## Source data

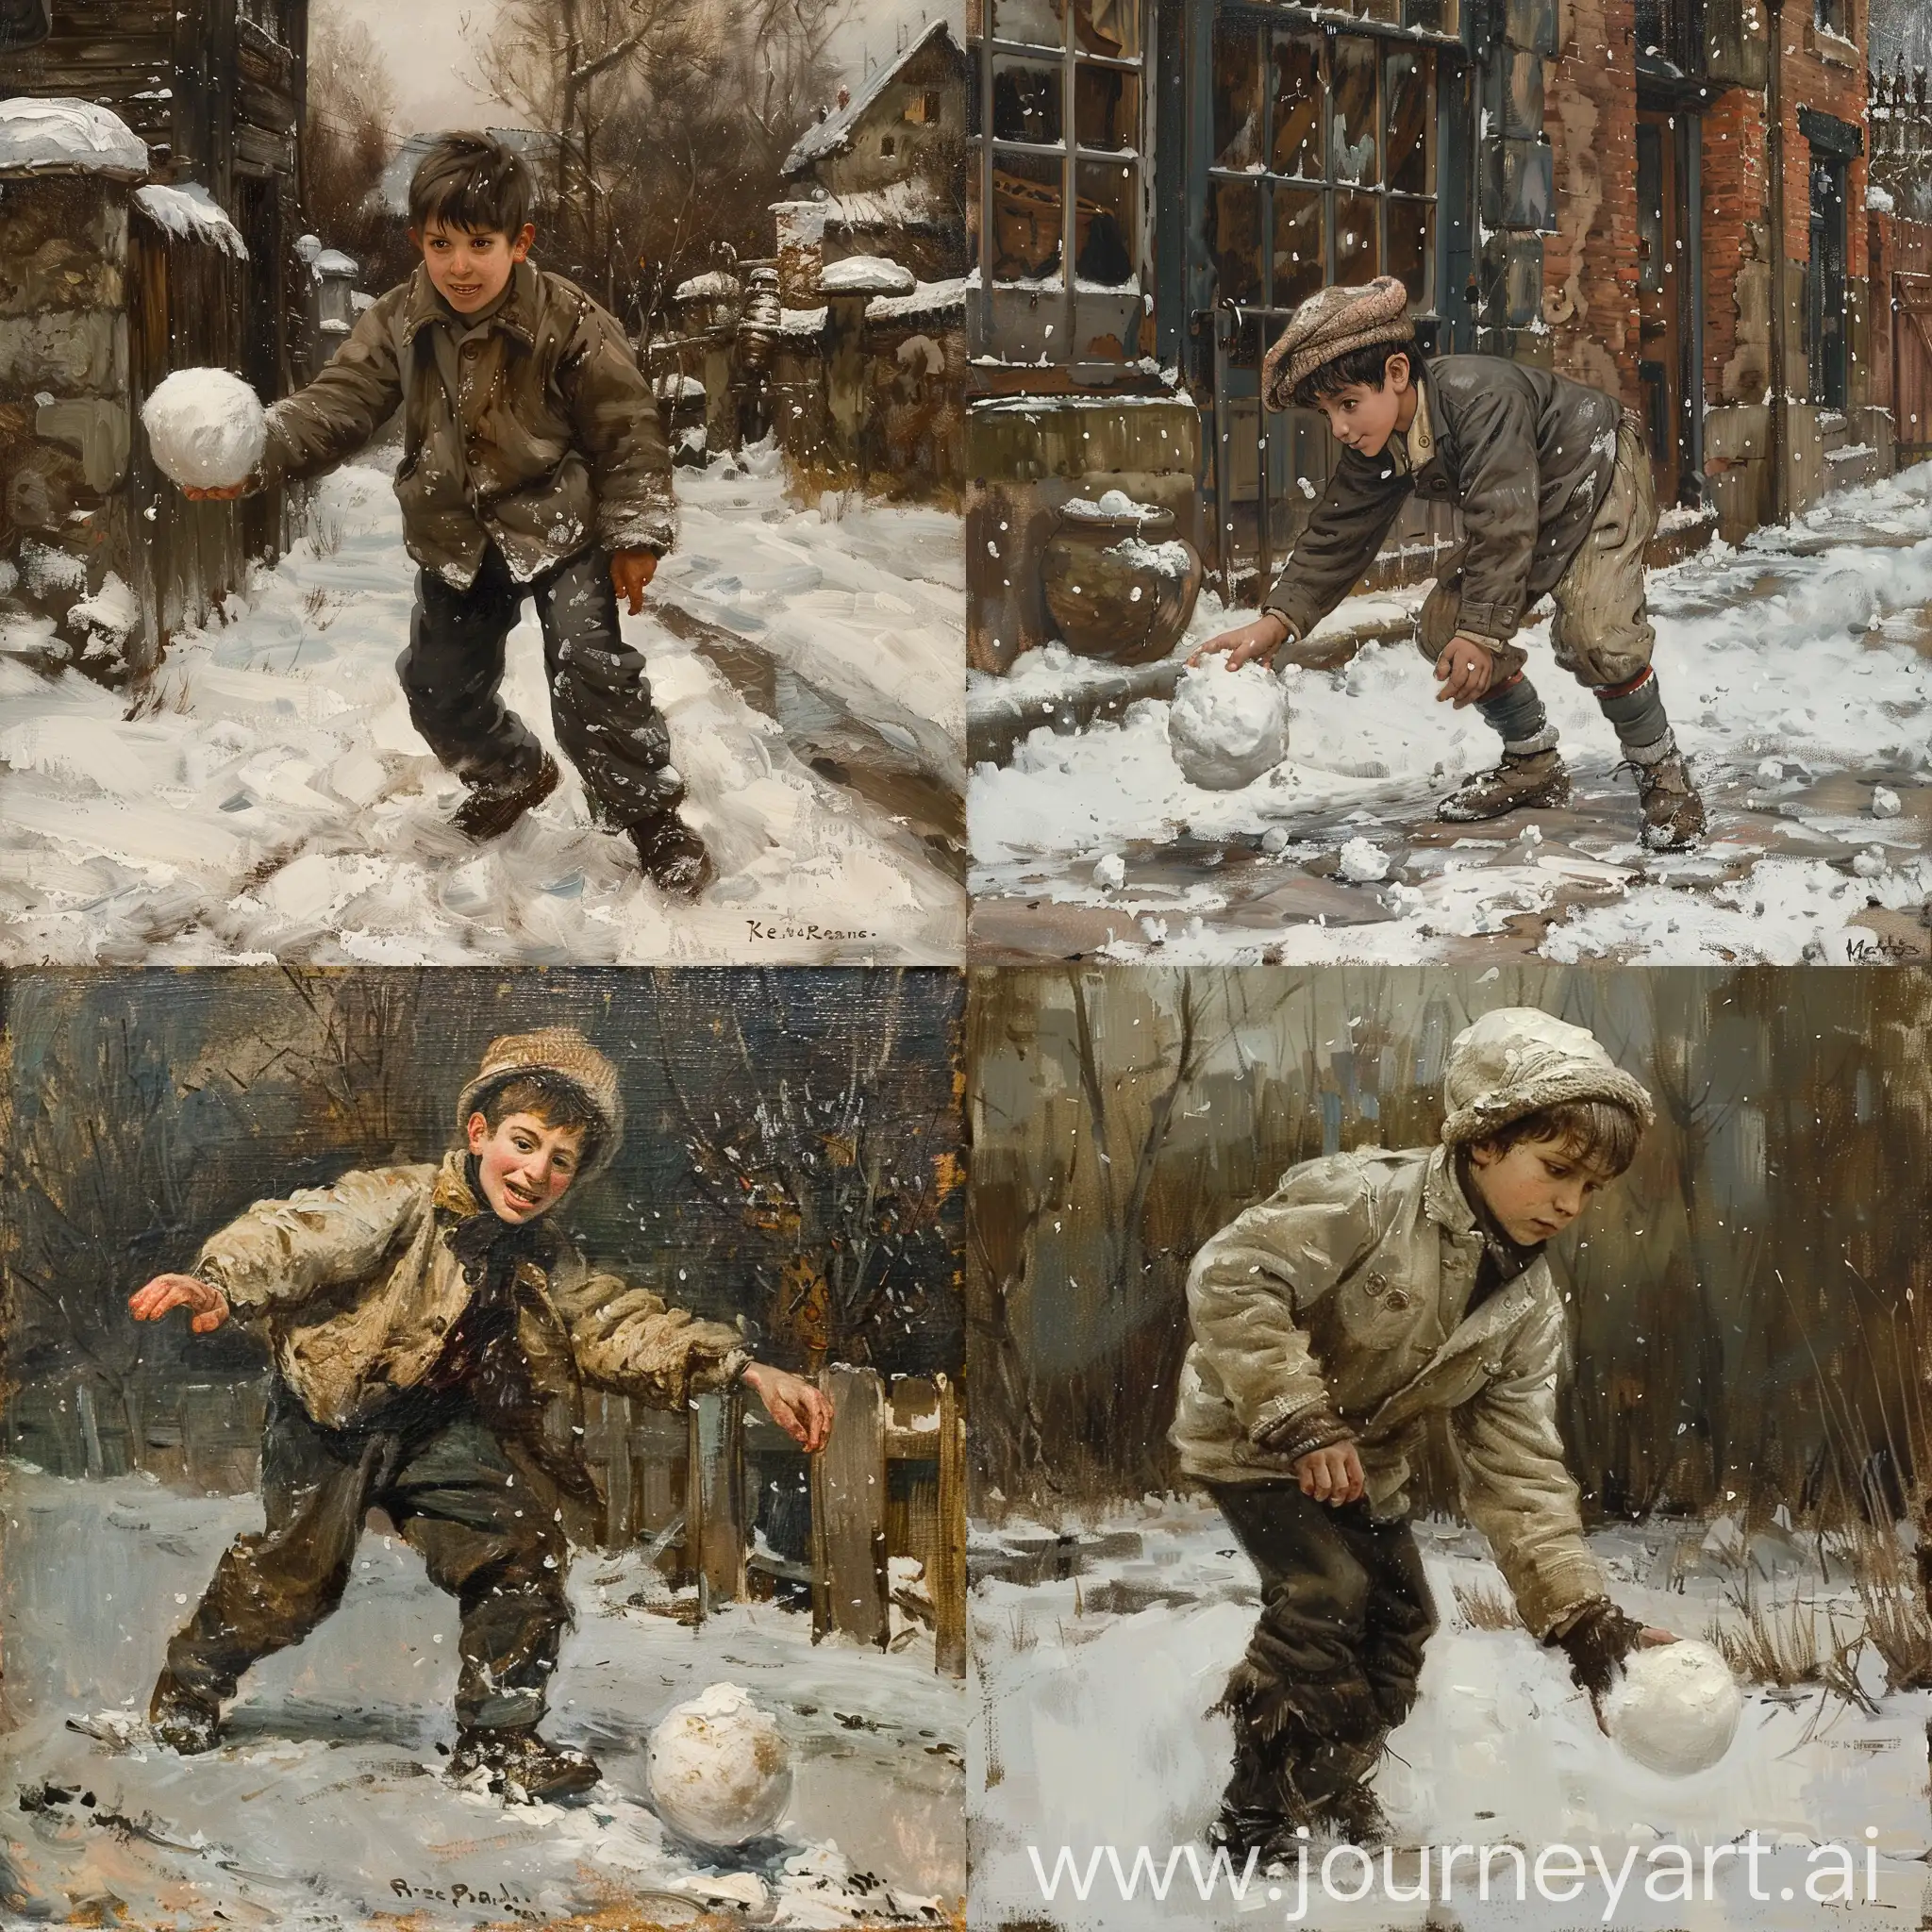 Joyful-Boy-Rolling-Snowball-in-Winter-Wonderland
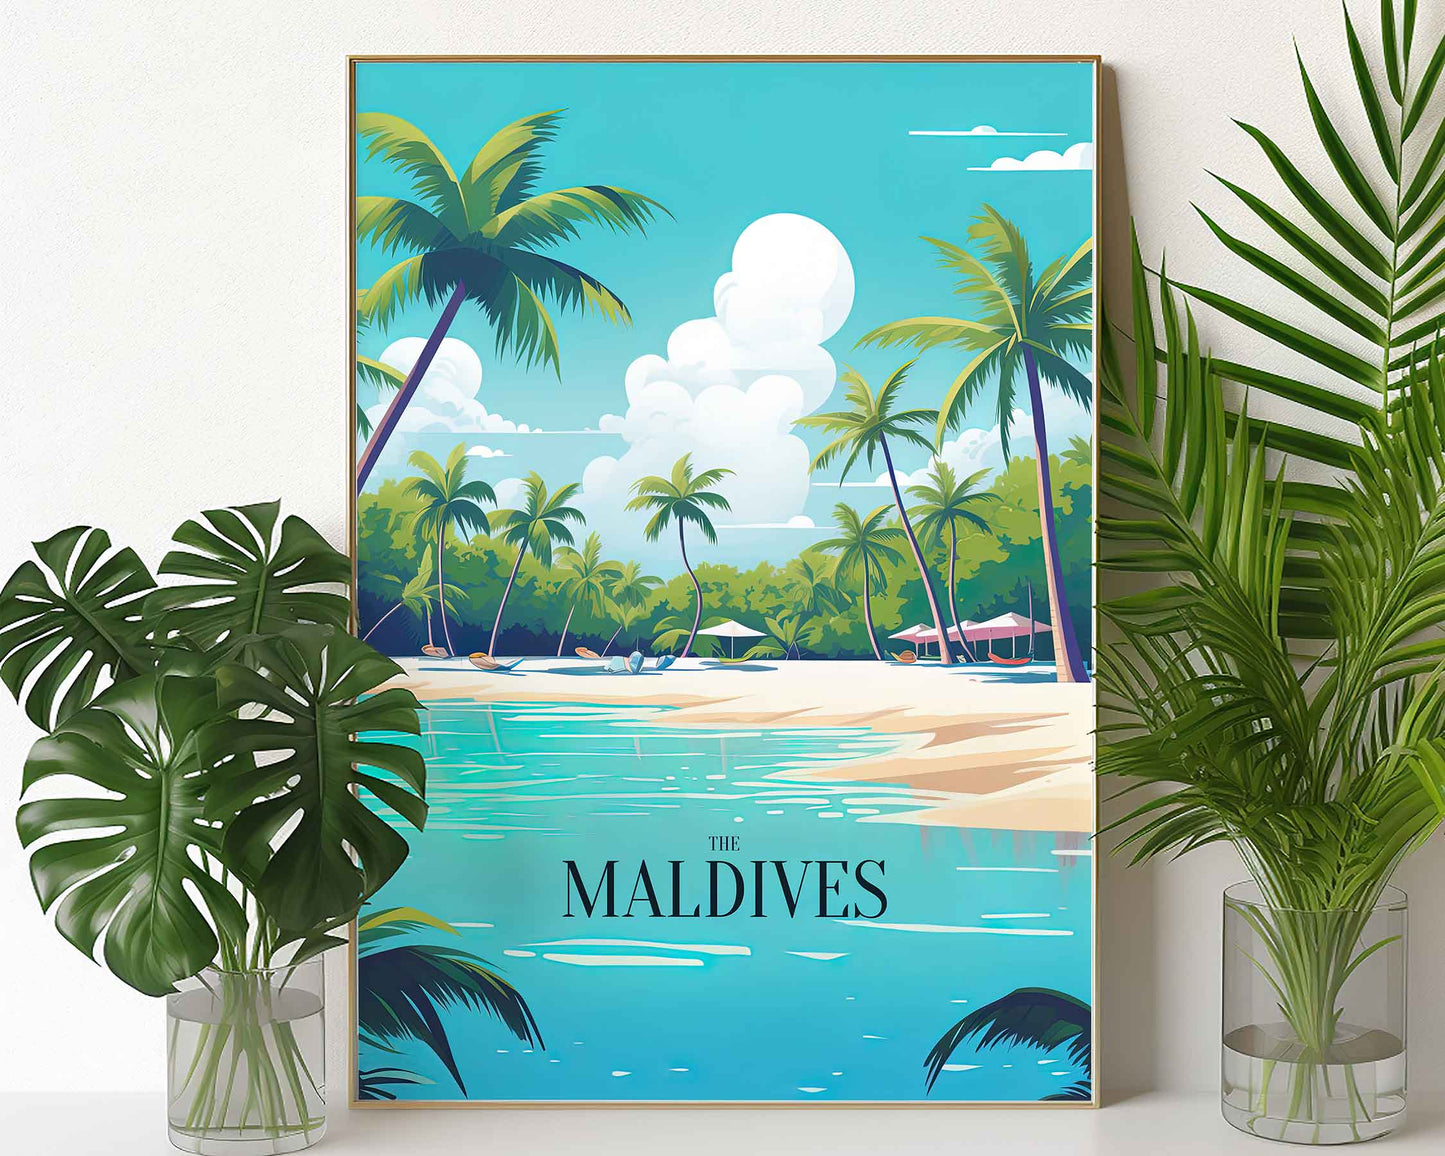 Framed Image of Maldives Travel Posters Illustration Wall Art Tropical Prints
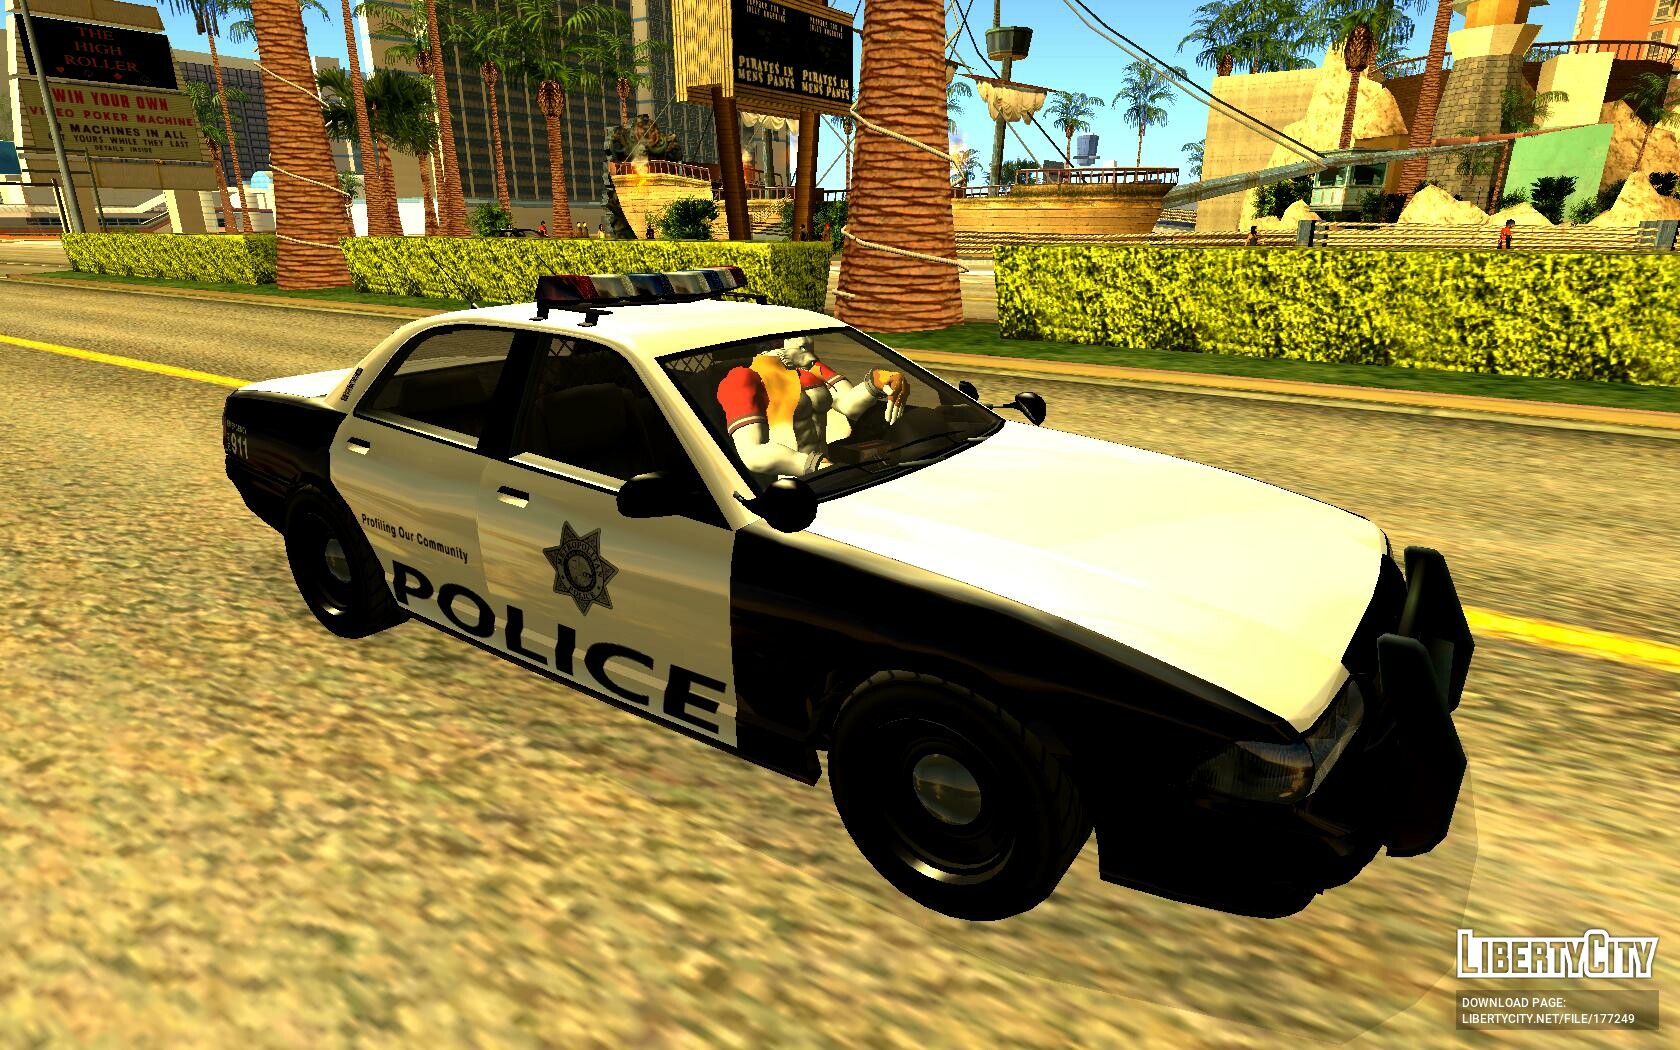 Gta sa полицейские. GTA 3 Police car. Полицейские машины в ГТА Сан андреас. Copcarru GTA sa. ГТА Сан андреас полиция.

## Task instructions
Lines from the one with "Framed Image of" through the final line of the listing above: copy them exactly, both ends included, and omit every picture.

## Reply
 Framed Image of Maldives Travel Posters Illustration Wall Art Tropical Prints
 Gta sa полицейские. GTA 3 Police car. Полицейские машины в ГТА Сан андреас. Copcarru GTA sa. ГТА Сан андреас полиция.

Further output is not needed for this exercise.